Using time to process information: We constantly receive inputs from our sensory receptors and this sensory information needs to be integrated over time. However, in most cases, this integration cannot rely on simple temporal summation of the sensory input: This is because the world and the state of the variables that one tries to infer is likely to vary unpredictably at any time: While it is important to extract as much information as possible from the recent input, it is equally important to forget older inputs that are no longer relevant. Traditional approaches to the most studied perceptual system, the visual system, have emphasized static problems, such as how to localize or recognize an object, or segment an image. This is very far from natural vision whose aim is to detect a succession of visual events, as far as possible, on-line.
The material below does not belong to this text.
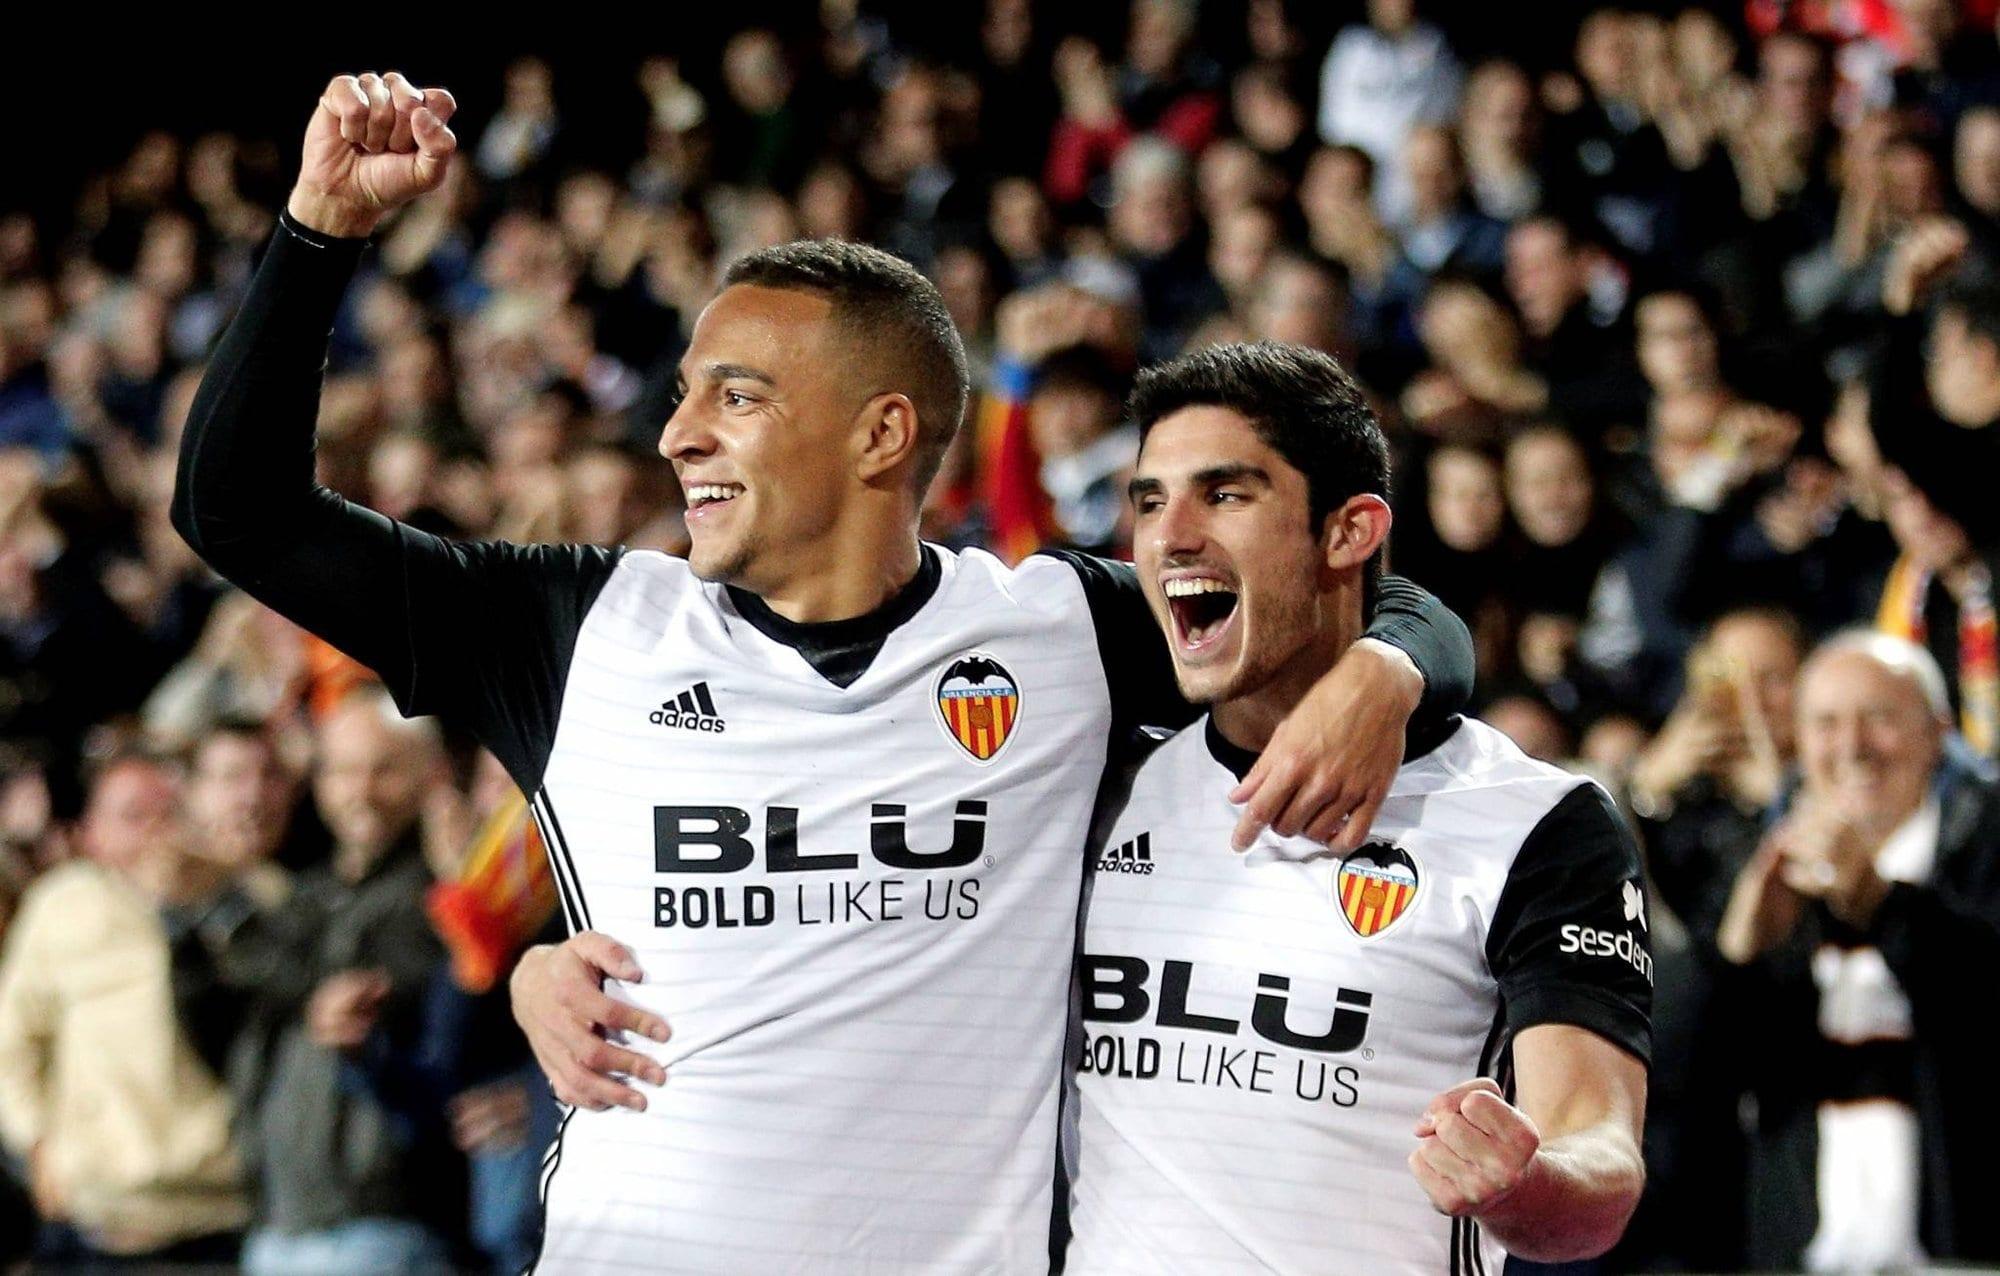 فريق فالنسيا الإسباني

Extracting information about timing: Natural stimuli, such as speech, are rich in spatial as well as temporal information. Indeed, speech, for example, can be essentially collapsed into a purely temporal code - Morse Code - which can be decoded in either the auditory, visual or somatosensory modalities.
A neglect of the temporal dimension can be observed in many computational models of neural coding. Neurons fire spikes, which is inherently a time-based code. However, rate coding approach assumes that information is contained in the mean number of action potential. This deprives the spikes of their "event based" nature and relegates them as random samples of the only relevant signal: the rate. Similarly, while significant advances have been made regarding how cortical circuits discriminate static spatial patterns, relatively little is known about how the brain decodes information about timing and temporal patterns.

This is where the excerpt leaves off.